Les auteurs ont également noté que l'étude n'avait pas évalué les connaissances ou la sensibilisation nutritionnelles des participants, ce qui pourrait être un facteur influençant le manque observé d'association entre l'apport UPF et la faim hédonique. Cette limitation peut avoir eu un impact sur les résultats liés à la faim hédonique.
Conclusions
En somme, les résultats indiquent que les personnes ayant une consommation accrue d'UPFS avaient une dépendance alimentaire considérablement élevée et des scores d'humeur négatifs. De plus, la consommation d'UPFS était plus courante chez les femmes, les plus jeunes, les chômeurs et les participants célibataires, et les symptômes de l'humeur et la dépendance alimentaire étaient plus intenses chez ces participants. Notamment, il n'y avait aucune relation entre l'apport UPF et la faim hédonique. Les auteurs suggèrent que l'absence d'une association observée entre l'apport UPF et la faim hédonique peut être influencée par des facteurs non mesurés tels que la conscience de la nutrition, ainsi que la nature transversale de l'étude.

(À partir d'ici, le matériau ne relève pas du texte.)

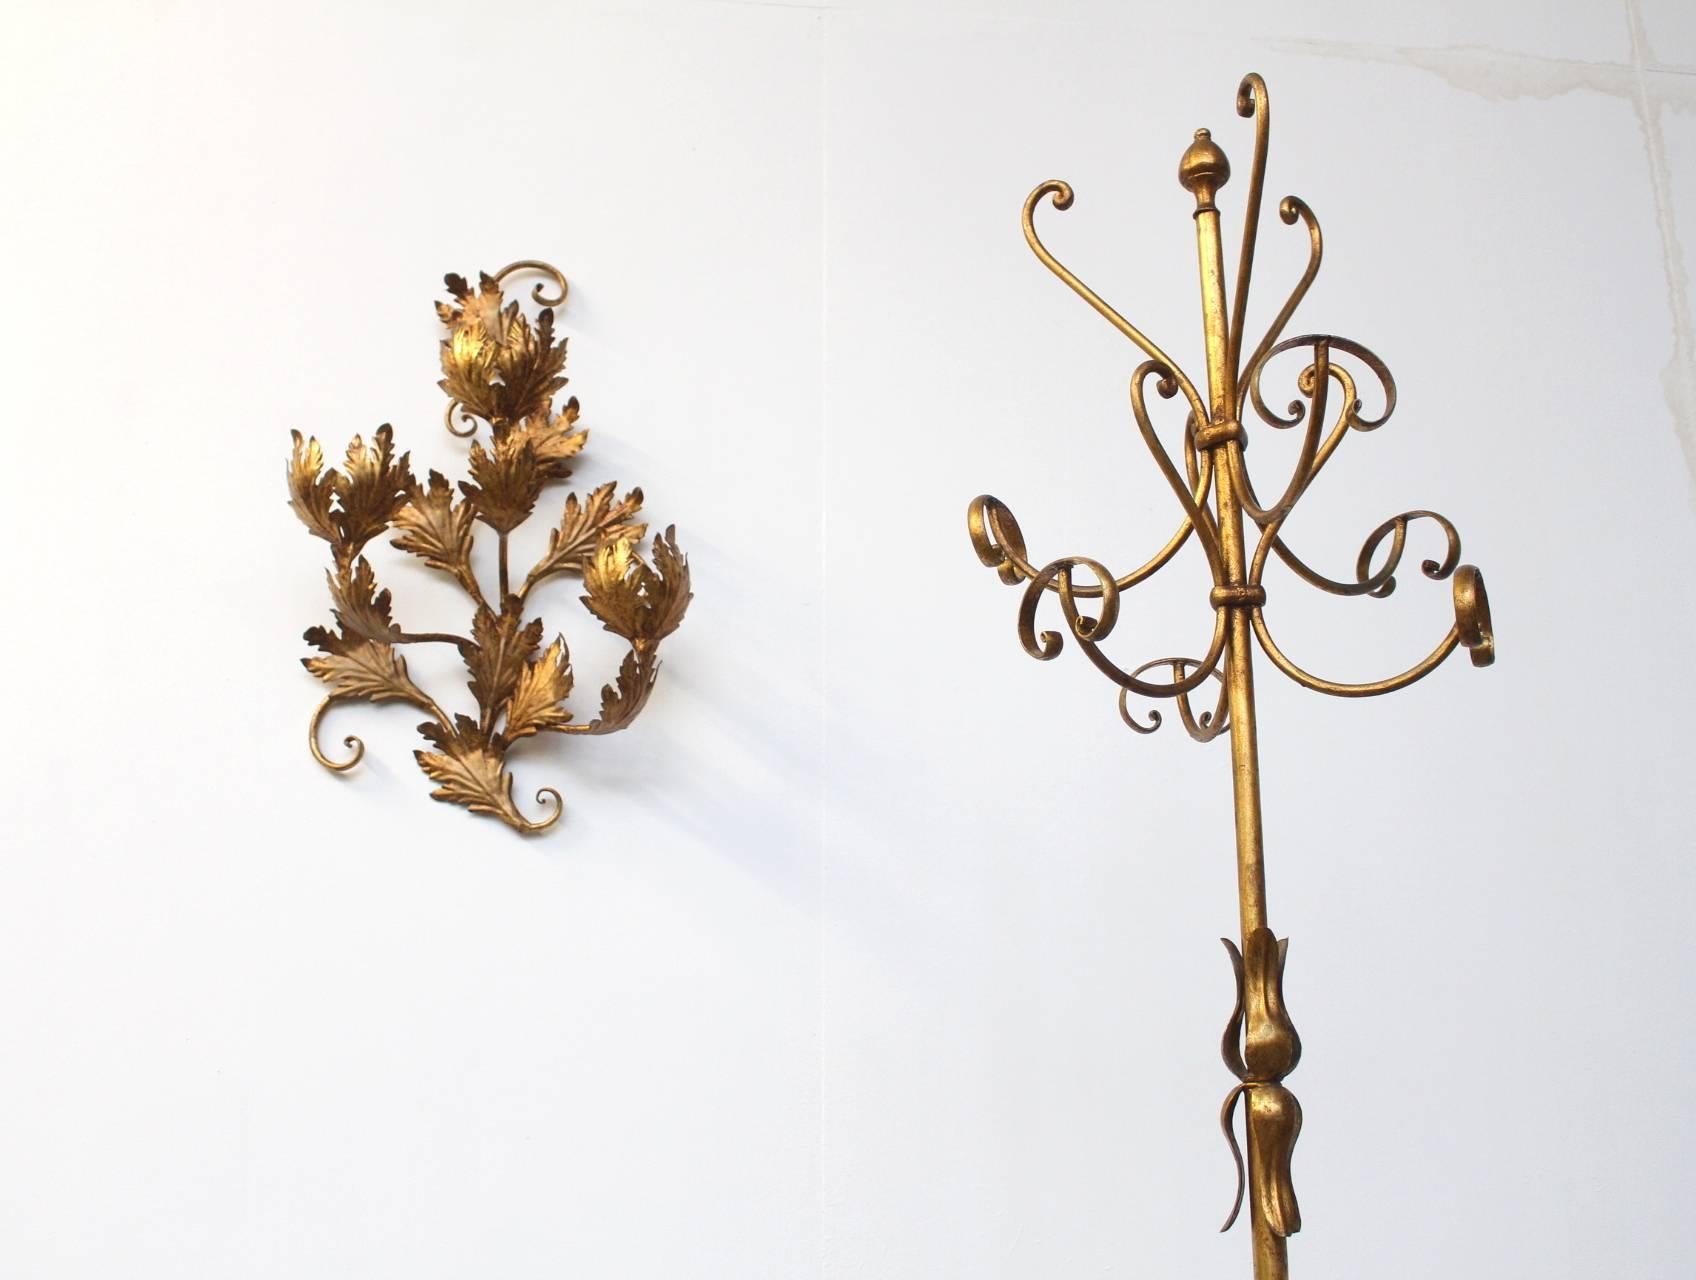 Beautiful eye-catching hall way set of a gold painted metal coat rack with three matching coat hangers, an umbrella basket and a decorative wall object with branches and leafs. All in the style of Adnet and Royere. Measurements below is the coat

Les limites de l'étude comprennent la méthode d'échantillonnage de boule de neige, qui conduit à un biais de sélection et affecte la généralisation des résultats; la conception en coupe transversale, qui empêche l'inférence causale; et l'utilisation de données autodéclarées, qui peuvent donner des résultats peu fiables. De plus, la prévalence élevée de la dépendance alimentaire observée dans cet échantillon peut être influencée par l'outil d'évaluation ou les caractéristiques de l'échantillon.
Dans l'ensemble, les résultats soulignent l'impact de l'humeur et de la dépendance alimentaire sur l'apport UPF. Ainsi, des interventions et des politiques visant des processus psychosociaux sont nécessaires pour promouvoir des comportements alimentaires sains et conscients.